AlphaGo uses two neural nets: one for move selection ("policy") and the other for position evaluation ("value"), but also uses MC search trees. Its strength is roughly top 1000 or so among all human players. In a few months it is scheduled to play one of the very best players in the world.
For training they used a 30 million position Go database of expert games (KGS Go Server). I have no intuition as to whether this is enough data to train the policy and value NNs. The quality of these NNs must be relatively good, as the MC tree search used was much smaller than for DeepBlue and its hand-crafted evaluation function.
Some grandmasters who reviewed AlphaGo's games were impressed by the "humanlike" quality of its play. More discussion: HNN, Reddit.
Mastering the game of Go with deep neural networks and tree search
Nature 529, 484–489 (28 January 2016) doi:10.1038/nature16961
The game of Go has long been viewed as the most challenging of classic games for artificial intelligence owing to its enormous search space and the difficulty of evaluating board positions and moves. Here we introduce a new approach to computer Go that uses ‘value networks’ to evaluate board positions and ‘policy networks’ to select moves. These deep neural networks are trained by a novel combination of supervised learning from human expert games, and reinforcement learning from games of self-play. Without any lookahead search, the neural networks play Go at the level of state-of-the-art Monte Carlo tree search programs that simulate thousands of random games of self-play. We also introduce a new search algorithm that combines Monte Carlo simulation with value and policy networks. Using this search algorithm, our program AlphaGo achieved a 99.8% winning rate against other Go programs, and defeated the human European Go champion by 5 games to 0. This is the first time that a computer program has defeated a human professional player in the full-sized game of Go, a feat previously thought to be at least a decade away.

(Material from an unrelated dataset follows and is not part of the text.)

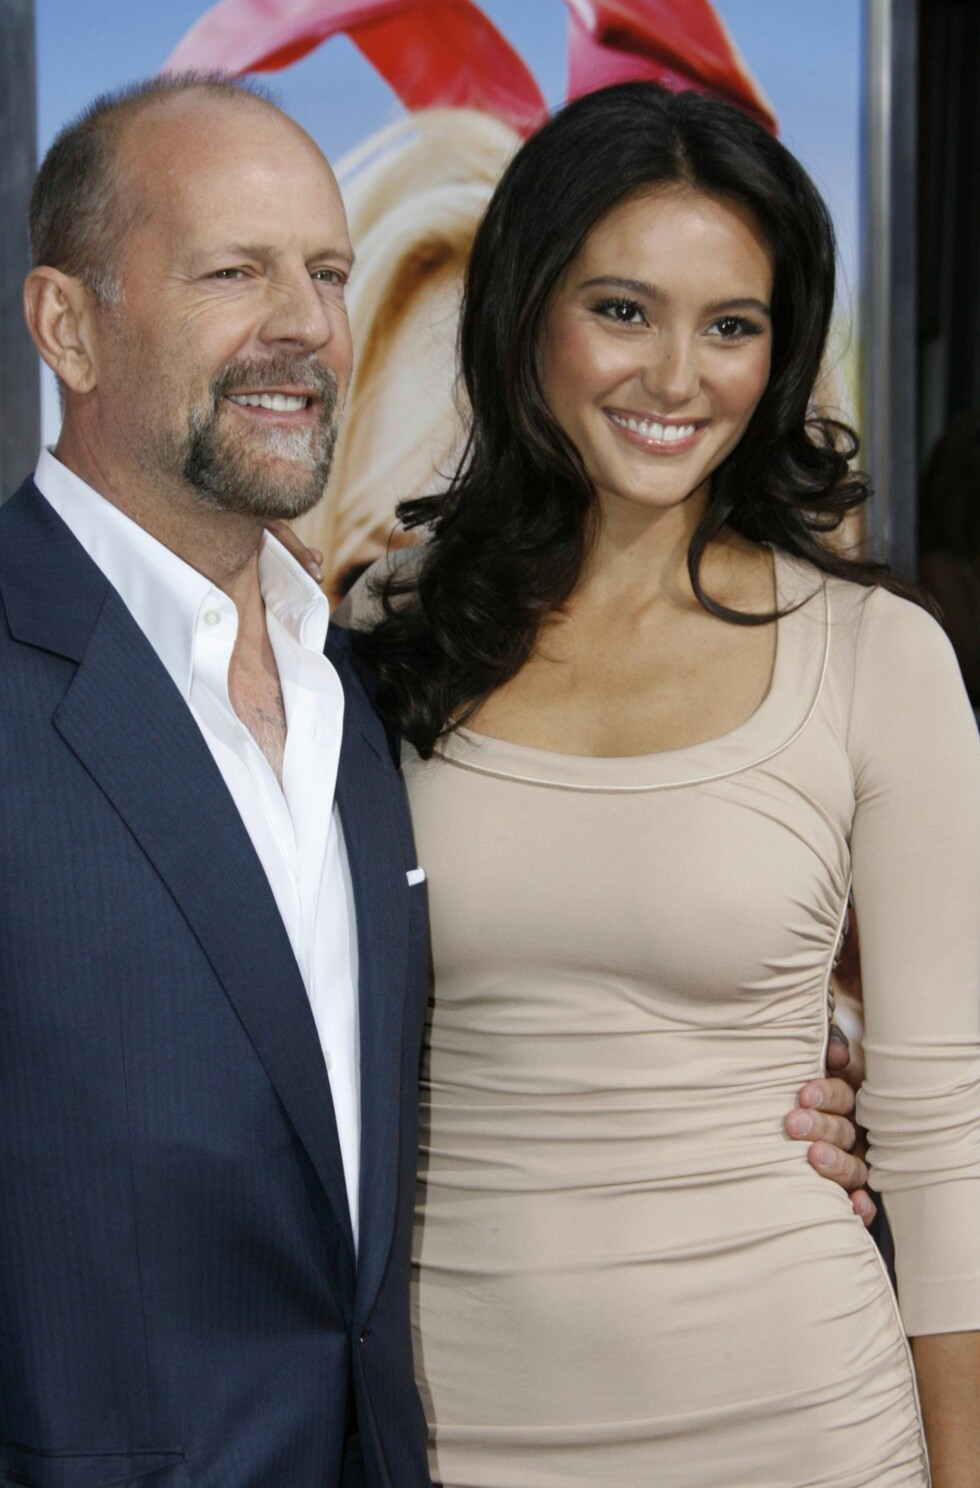 GIFTET SEG PÅ ØYA: Øygruppen er en kjendisfavoritt og det var her Bruce Willis giftet seg med Emma Heming i 2009.  Foto: REUTERS

Schematic representation of the neural network architecture used in AlphaGo. The policy network takes a representation of the board position s as its input, passes it through many convolutional layers with parameters σ (SL policy network) or ρ (RL policy network), and outputs a probability distribution p (a|s) or p (a|s) over legal moves a, represented by a σρ probability map over the board. The value network similarly uses many convolutional layers with parameters θ, but outputs a scalar value vθ(s′) that predicts the expected outcome in position s′.
Related News: commenter STS points me to some work showing the equivalence of Deep Learning to the Renormalization Group in physics. See also Quanta magazine. The key aspect of RG here is the identification of important degrees of freedom in the process of coarse graining. These degrees of freedom make up so-called Effective Field Theories in particle physics.
These are the days of miracle and wonder!